The createPipeline() function returns a builder for constructing pipelines.
import { createPipeline } from '@oronts/vendure-data-hub-plugin';
createPipeline()
.name('Pipeline Name')
.description('Pipeline description')
.version(1)
| Method | Description |
|---|---|
name(name: string) |
Human-readable name |
description(desc: string) |
Description |
version(v: number) |
Definition version |
.context({
channel: 'default',
contentLanguage: 'en',
channelStrategy: 'EXPLICIT', // 'EXPLICIT' | 'INHERIT' | 'MULTI'
validationMode: 'STRICT', // 'STRICT' | 'LENIENT'
runMode: 'BATCH', // 'SYNC' | 'ASYNC' | 'BATCH' | 'STREAM'
})
.capabilities({
writes: ['CATALOG'], // 'CATALOG' | 'CUSTOMERS' | 'ORDERS' | 'PROMOTIONS' | 'INVENTORY' | 'CUSTOM'
requires: [], // Required permissions
streamSafe: true, // Safe for streaming mode
})
Enables parallel step execution for the pipeline. When enabled, independent steps (those without data dependencies) run concurrently.

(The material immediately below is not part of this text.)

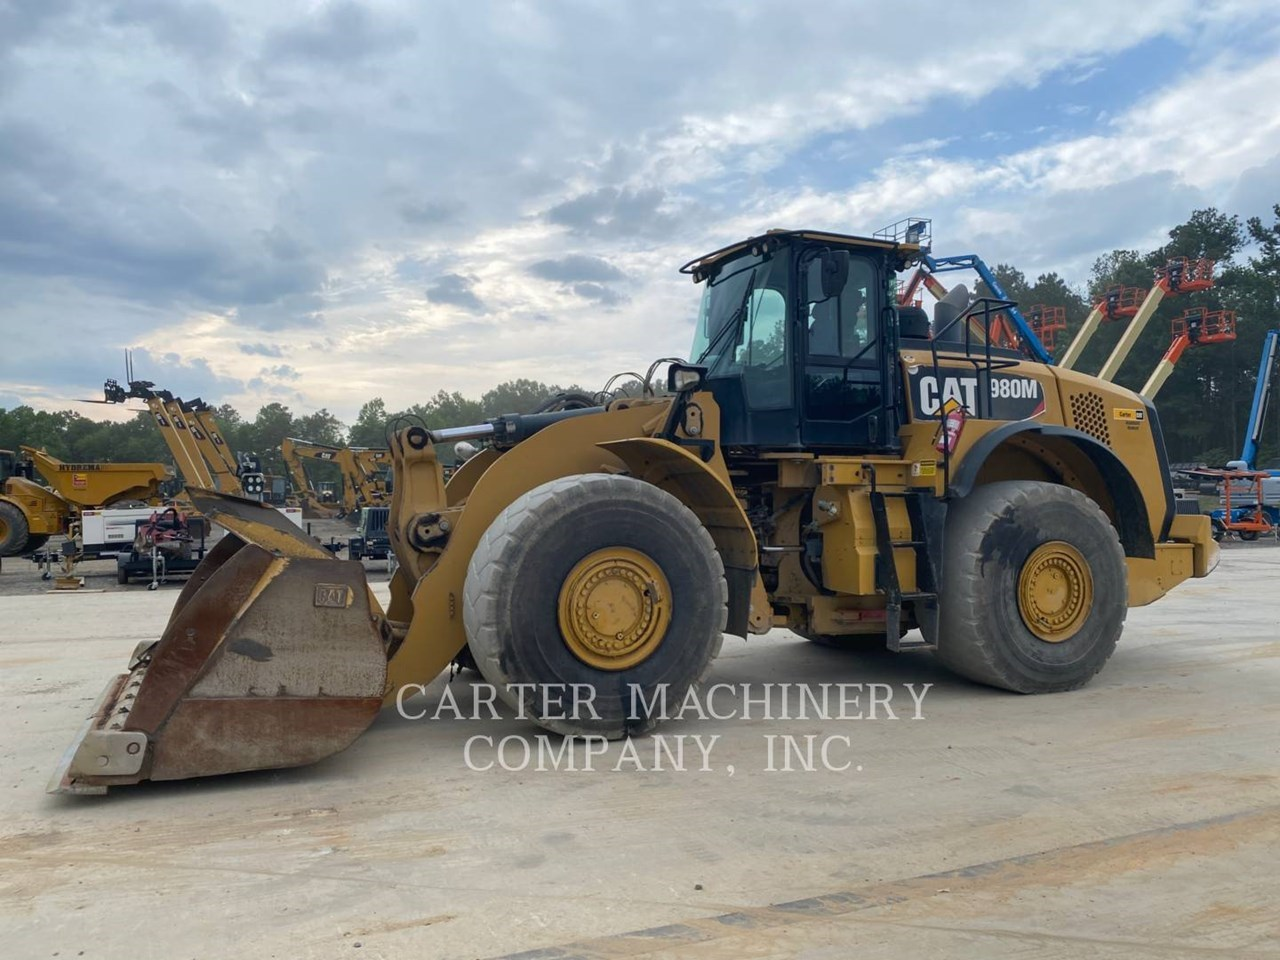 2016 Caterpillar 980M Image 1

| Parameter | Type | Required | Description |
|---|---|---|---|
| maxConcurrentSteps | number | No | Maximum steps to run concurrently (default: 4, range: 2-16) |
| errorPolicy | string | No | 'FAIL_FAST' | 'CONTINUE' | 'BEST_EFFORT'. Default: 'FAIL_FAST' |
Error policies:
FAIL_FAST – Stop all steps on first error (default)CONTINUE – Continue other parallel steps, fail at endBEST_EFFORT – Continue all steps, collect all errorscreatePipeline()
.name('Parallel Import')
.parallel({ maxConcurrentSteps: 4, errorPolicy: 'CONTINUE' })
.extract('fetch-products', { /* ... */ })
.extract('fetch-prices', { /* ... */ })
.transform('merge', { /* ... */ })
.load('upsert', { /* ... */ })
.edge('fetch-products', 'merge')
.edge('fetch-prices', 'merge')
.edge('merge', 'upsert')
.build();
.dependsOn('other-pipeline-code', 'another-pipeline')
Pipelines that must complete before this one can run.
Pipeline lifecycle hooks using SCREAMING_SNAKE_CASE stage names. Each stage maps to an
array of HookAction objects. Six action types are supported: INTERCEPTOR, SCRIPT,
WEBHOOK, EMIT, TRIGGER_PIPELINE, and LOG.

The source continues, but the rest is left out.